Mr. Ram deliberately used aspects of the President’s comments, without context to create the impression that the President is critical of the contribution of those sectors to Guyana’s development and economy, the Ministry said.
The Head of State is of the view that Guyana must use those abundant resources to revolutionise those sectors, thereby increasing employment and income generation activities, rather than simply relying on the production of raw materials.
The Head of State said that the Guyanese diaspora has the technical knowledge, financial resources and skills to help change the reliance on raw resources, which has defined economic activity, the Ministry stated.
Additionally, in the same letter, Mr.
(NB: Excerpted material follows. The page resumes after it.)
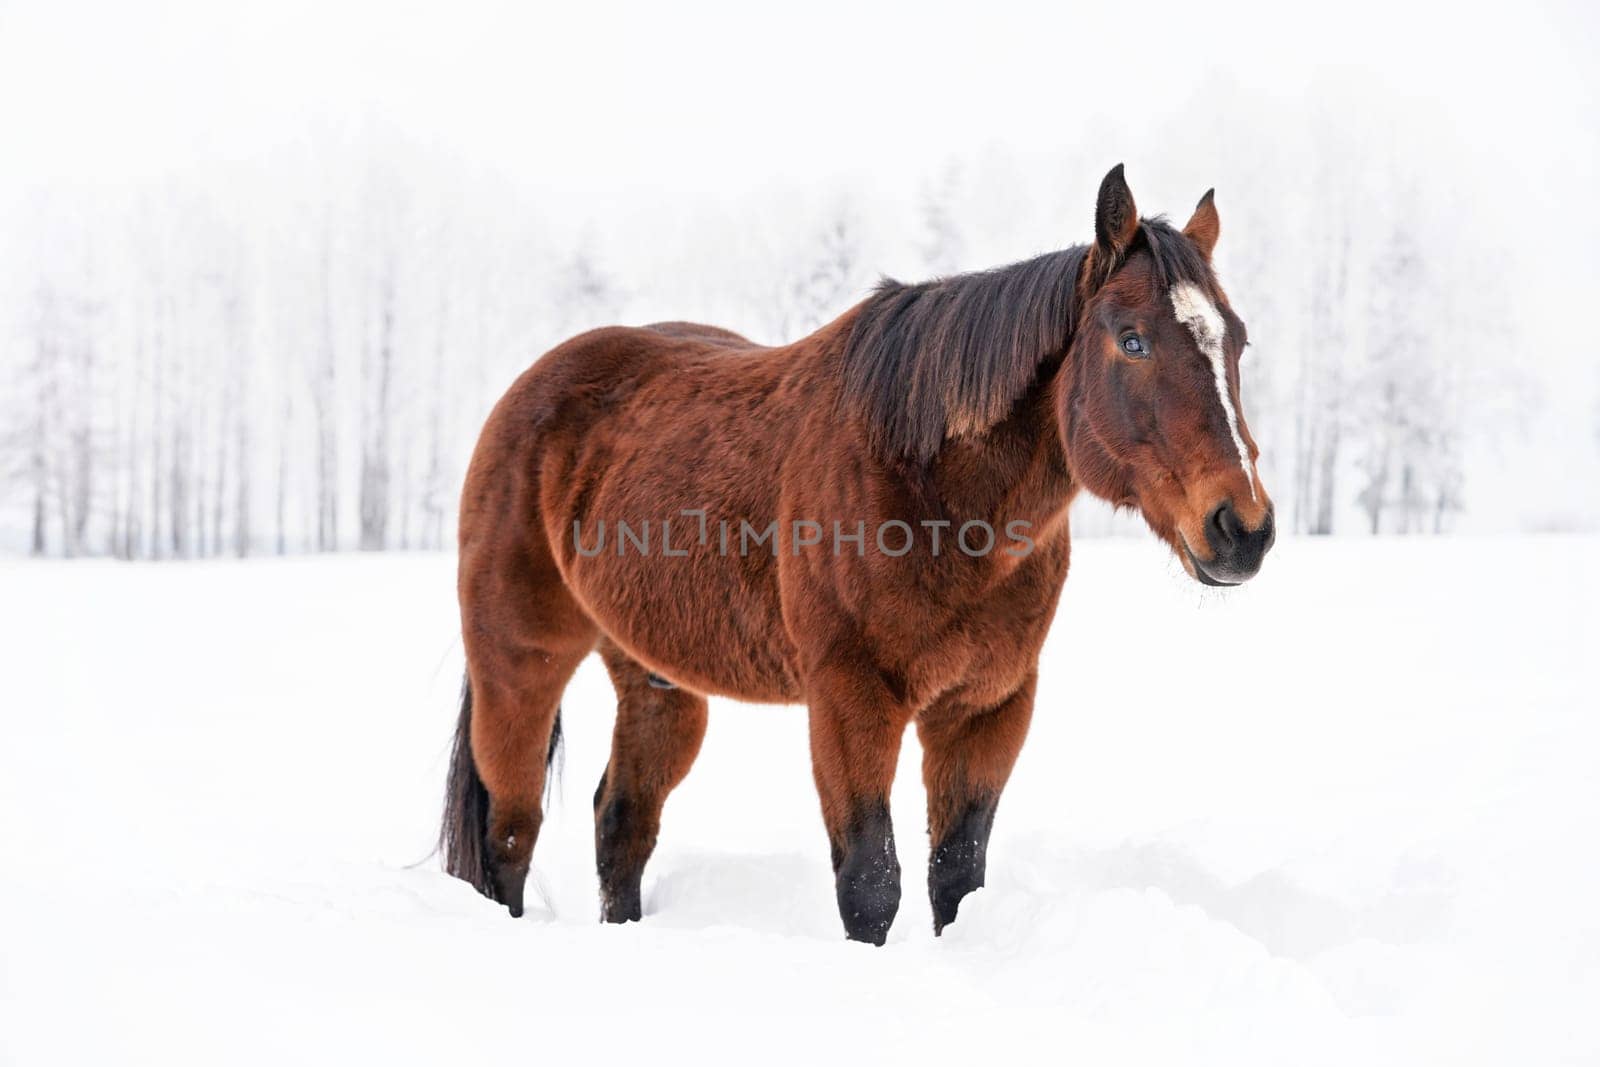 Dark brown horse walks on snow, blurred threes in background

Ram, referencing the President’s statement that “we don’t need barrels, we need brains,” writes that “…we will find that many persons with brains, who have stayed in Guyana will have to rely on barrels from abroad for their very survival.”
However, what the President actually said at the function is that Government, the private sector and members of the diaspora must work together to build capacity in the areas of education and technical expertise and technology.
He indicated that what Guyana needs, more than just ‘barrels’ is knowledge transfer and investment.
The Ministry of the Presidency reminds Mr. Ram that an absence of context and the selective use of quotes can only be seen as a deliberate attempt to paint a picture that is not based on fact. Instead, what is presented are at best half-truths and, at worst, abject dishonesty to feed a specific agenda.